One extremely disruptive task it has been set is to “destroy humanity” – and the first sub-task it assigned itself to get this done was to begin researching the most powerful atomic weapons of all time. As its output is still limited to creating text, its creator assures us it won’t actually get very far with this task – hopefully.
Auto-GPT can also apparently be used to improve itself – its creator says it can create, evaluate, review and test updates to its own code that can potentially make it more capable and efficient.
It can even be used to create better LLMs that could form the basis of future AI agents, by accelerating the model making process.
What could this mean for the future of AI?
Ever since generative AI applications started to emerge, it’s been clear that we’re only at the start of a very long journey, in terms of how AI will evolve and impact our lives and society.
Are Auto-GPT and other agents that follow the same principles the next step of that journey? It certainly seems likely. At the very least, we can expect AI tools that allow us to carry out far more complex tasks than the relatively simple things that ChatGPT can do, to begin to become commonplace.
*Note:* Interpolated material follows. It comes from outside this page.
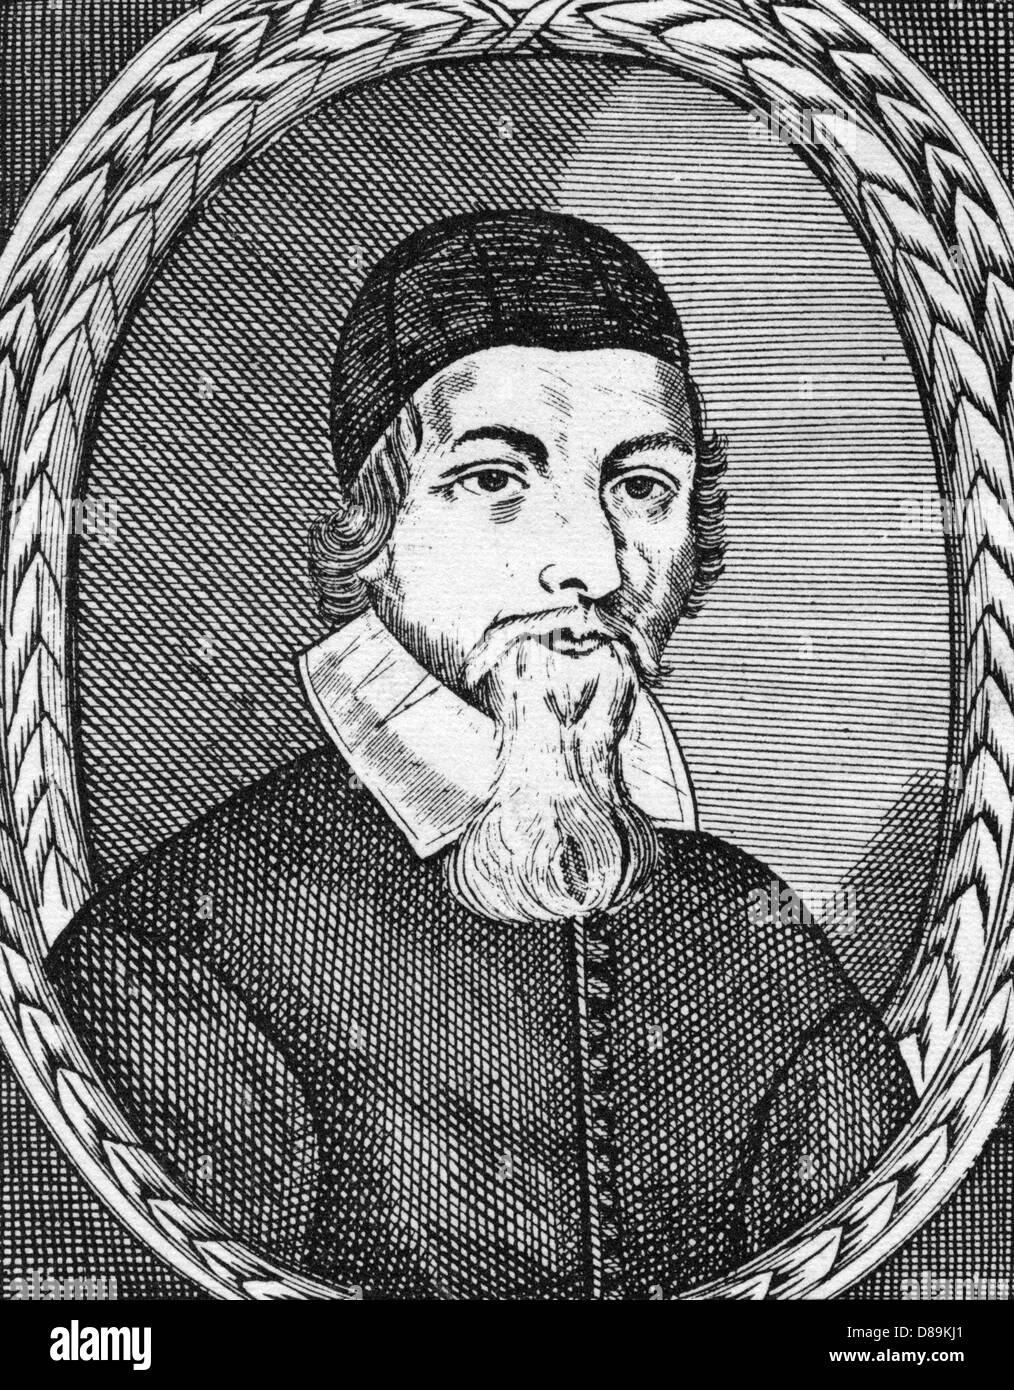 Jan Amos Comenius - Stock Image

Before long, we will start to see more creative, sophisticated, diverse and useful AI output than the simple text and pictures that we’ve got used to. These will no doubt eventually have an even bigger impact on the way we work, play and communicate.
Other potential positive impacts include reduced cost and environmental impact of creating LLMs (and other machine learning-related activity) as autonomous, recursive AI agents find ways to make the process more efficient.
However we also have to consider that by itself it doesn’t really solve any of the problems associated with generative AI. These include the variable (to put it nicely) accuracy of the output it creates, the potential for abuse of intellectual property rights, and the possibility of it being used to spread biased or harmful content. In fact, by generating and running many more AI processes in order to achieve bigger tasks, it could potentially magnify these issues.
The potential problems don’t stop there – eminent AI expert and philosopher Nick Bostrom has recently said he believes the newest generation of AI chatbots (such as GPT-4) are even beginning to show signs of sentience. Which could create a whole new moral and ethical quandary if as a society we are planning to start creating and operationalizing them on a large scale.